A comissão da Universidade Federal do Rio Grande do Sul (UFRGS) que conduzia um Processo Disciplinar Discente (PDD) contra um aluno denunciado por racismo contra uma professora decidiu pela expulsão do estudante. O nome dele não foi divulgado.
O portal G1 entrou em contato com a UFRGS para saber se a determinação deve ser cumprida de forma imediata ou se ainda é possível que o estudante recorra para tentar reverter a decisão, mas não obteve retorno até a publicação desta reportagem.

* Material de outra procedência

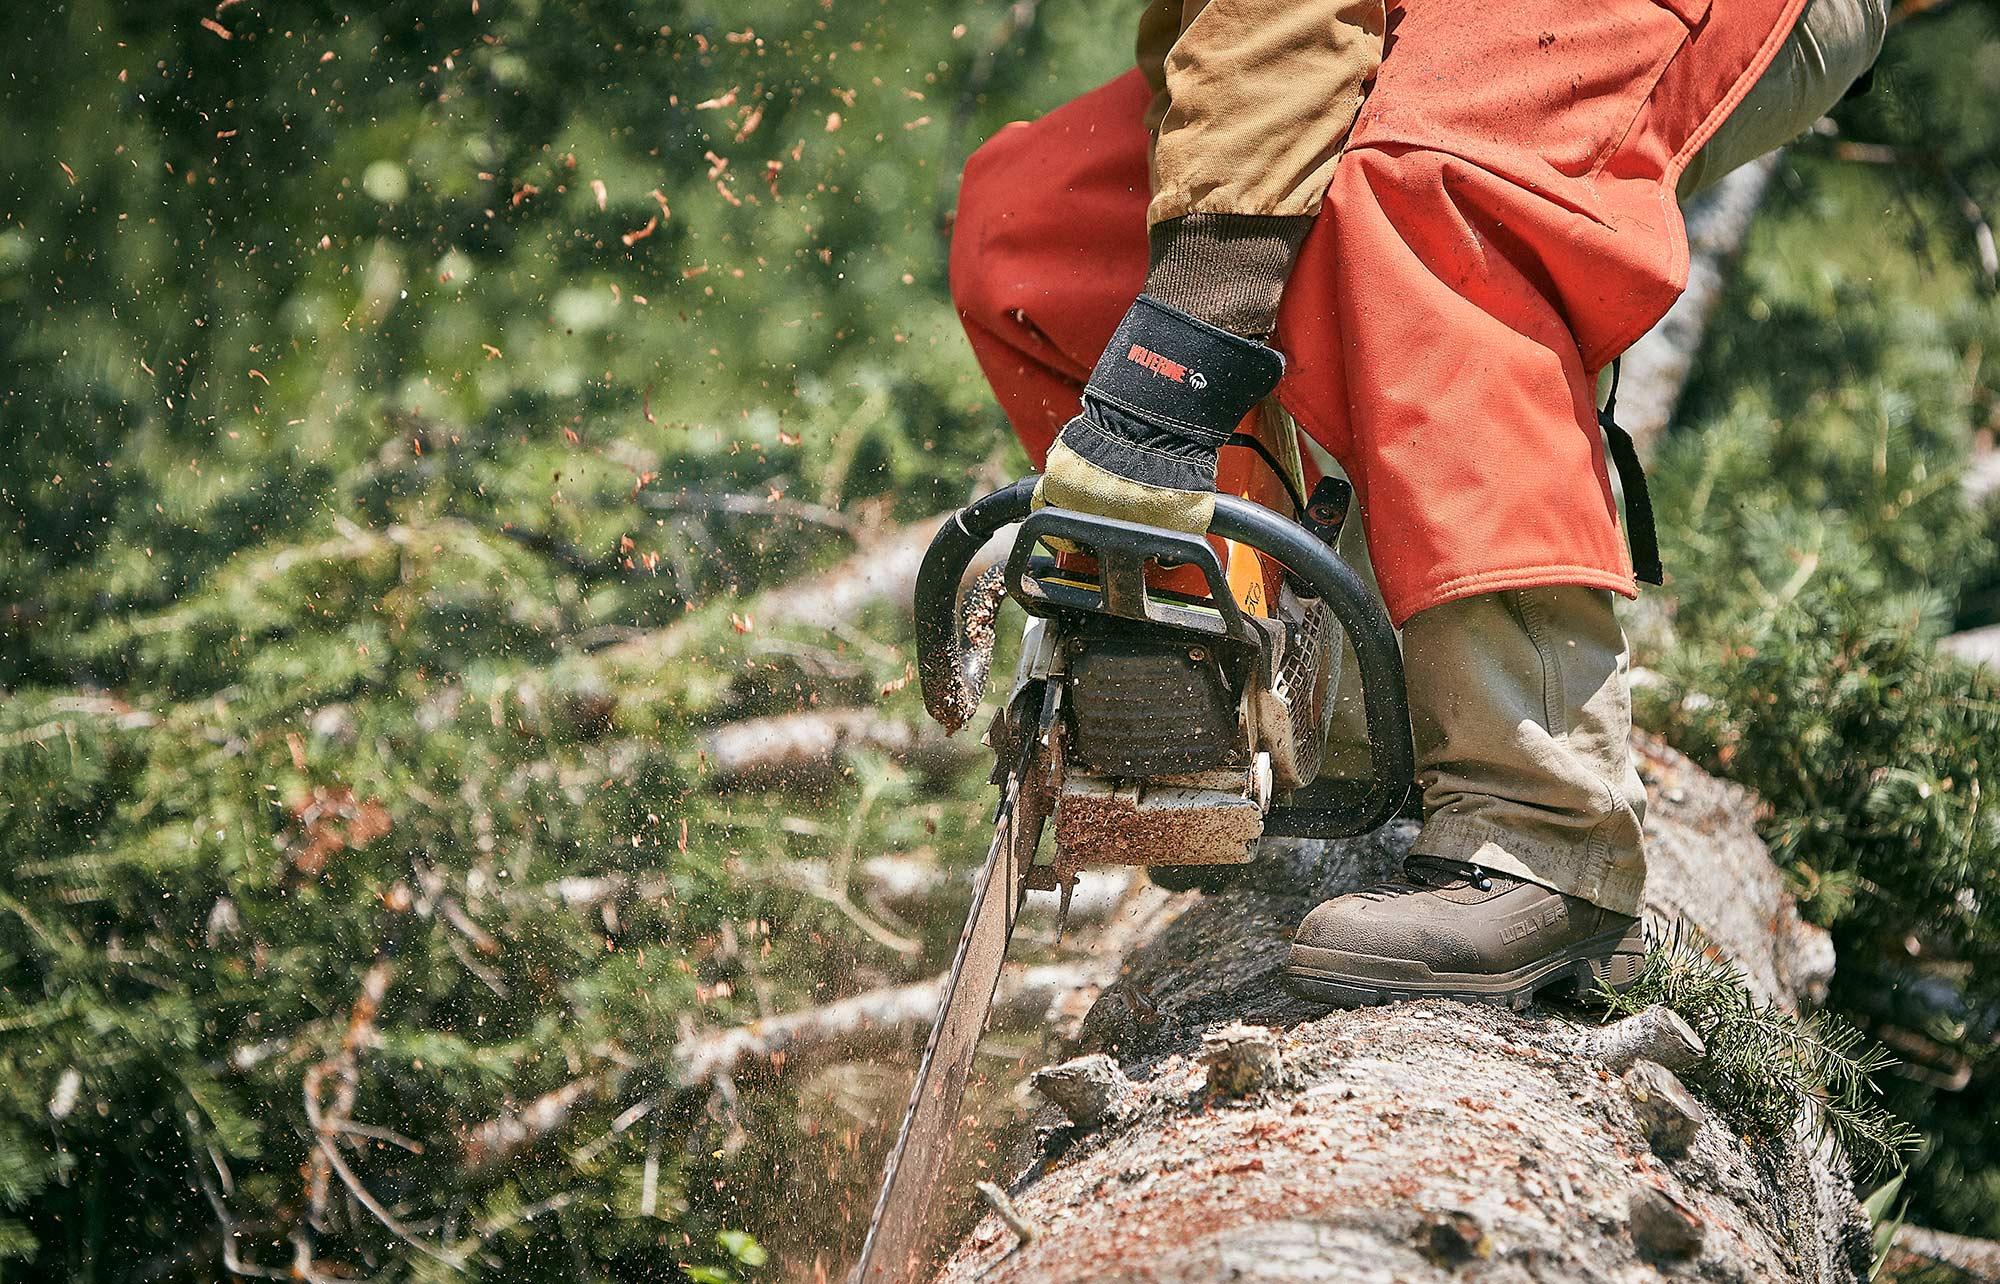 wolverine-Utah-Forestry-chain-saw-jeremy-frechette_HP.jpg

O caso teria acontecido em 19 julho de 2023, quando a professora Gláucia Aparecida Vaz, do curso de Biblioteconomia, chegava para dar aula. A docente conta que o universitário disse que ela "não sabia qual era o lugar dela". Ele também teria falado que ela "continuaria sendo perseguida e odiada".

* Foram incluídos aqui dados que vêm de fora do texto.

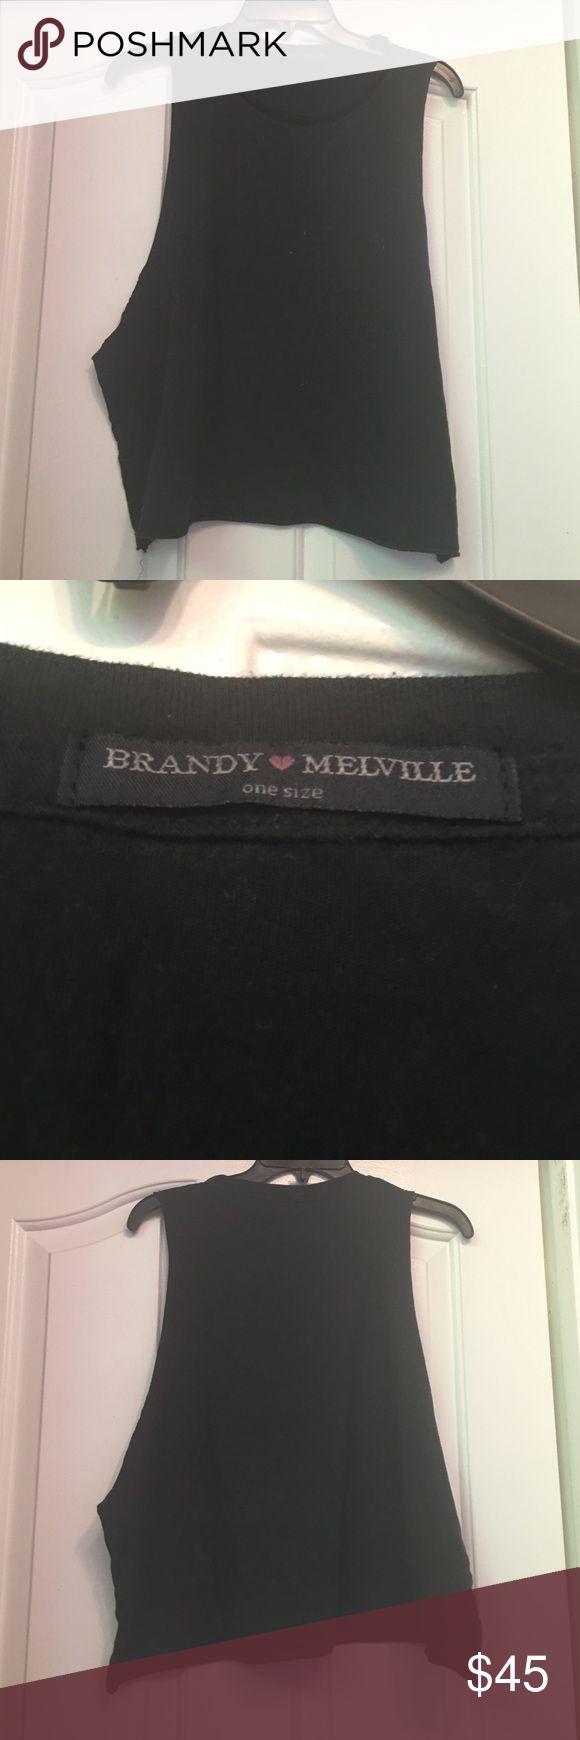 Fancy NWOT Brandy Melville Black Tank Top Size Small

No entendimento da comissão, "o conjunto de ocorrências, para além do acontecido no dia 19 de julho, entre a professora Glaucia e o estudante indicam indução, incitação e prática de assédio com destaque para racismo e misoginia". Por essa razão, ele incorreu em infração estudantil gravíssima.
O advogado que defende a professora, Lúcio Almeida, avalia que "a UFRGS tem uma grande oportunidade para mostrar ao público brasileiro, que não compactua com qualquer tipo de manifestação discriminatória. Racismo é um crime muito grave".
— O que a professora Gláucia passou é reflexo de um país que não aceita uma mulher empoderada na condição de professora universitária numa universidade federal de renome. Precisamos mudar essa realidade — diz Almeida.
Manifestações dentro e fora da universidade
Ao longo do PDD, testemunhas apontaram que o aluno se manifestava de forma inadequada contra a professora, tanto fora da sala de aula, em um grupo da turma no WhatsApp, quanto na universidade, "depreciando a abordagem dada aos conteúdos, questionando suas metodologias".
Ele teria dito "que a professora Glaucia era uma 'mala' e que a racista era ela porque ele era branco dos olhos verdes", diz o relatório.
Durante depoimento à comissão, o estudante também teria dito que "nada a ver ser preta ou mulher, o problema é ser chata", que foi casado com uma "mulher negra" e que tinha um filho que "é mulato".
A comissão enquadrou o caso no Código Disciplinar Discente. "O seu inciso V caracteriza como infração gravíssima 'praticar, induzir ou incitar, a discriminação ou preconceito de raça, sexo, cor, etnia, religião ou procedência nacional'", disse a comissão.
Gláucia relata que, assim que passou a catraca da recepção da Faculdade de Biblioteconomia e Comunicação (Fabico), em Porto Alegre, percebeu que o aluno a aguardava segurando o elevador. Em seguida, ele disse que queria discutir uma questão do trabalho com ela, pois não havia tirado a nota máxima, 15, mas sim 14.
— A nota era praticamente a nota máxima, mas ele disse que não era a nota (o motivo da discussão), e sim o enunciado da questão. Ele não concordava com a forma que eu tinha proposto a atividade, mas não deu nenhuma explicação (a respeito do que não concordava). Falava tudo isso gritando e alterado — lembrou a professora Gláucia.
Ao ver que o diálogo não estava levando a nada, Gláucia disse que precisava trabalhar e optou por ir de escada até a sala de aula. O aluno pegou o elevador. No entanto, no lance de escadas que ia do terceiro para o quarto andar, o estudante apareceu e impediu que ela subisse.
— Minha intenção era subir direto, mas ele falou que eu não sabia escutar ninguém, que eu não sabia qual era o meu lugar. E que, ainda que fosse uma mulher, ele usou isso: falou "uma mulher loirinha dos olhos azuis", eu continuaria sendo perseguida e odiada pelas pessoas — conta Gláucia, emocionada.
A professora ainda citou que era recorrente que o aluno questionasse a sua autoridade dentro da sala de aula. Tudo isso fez com que a docente buscasse assessoramento jurídico, o que motivou o pedido de abertura de um processo administrativo disciplinar à UFRGS, para que a instituição apurasse a situação.
— Eu me senti totalmente desamparada. O que me choca mais nessa história é a falta de humanidade. E acho que isso escancara o racismo institucionalizado — afirmou, na época do caso, a professora Gláucia.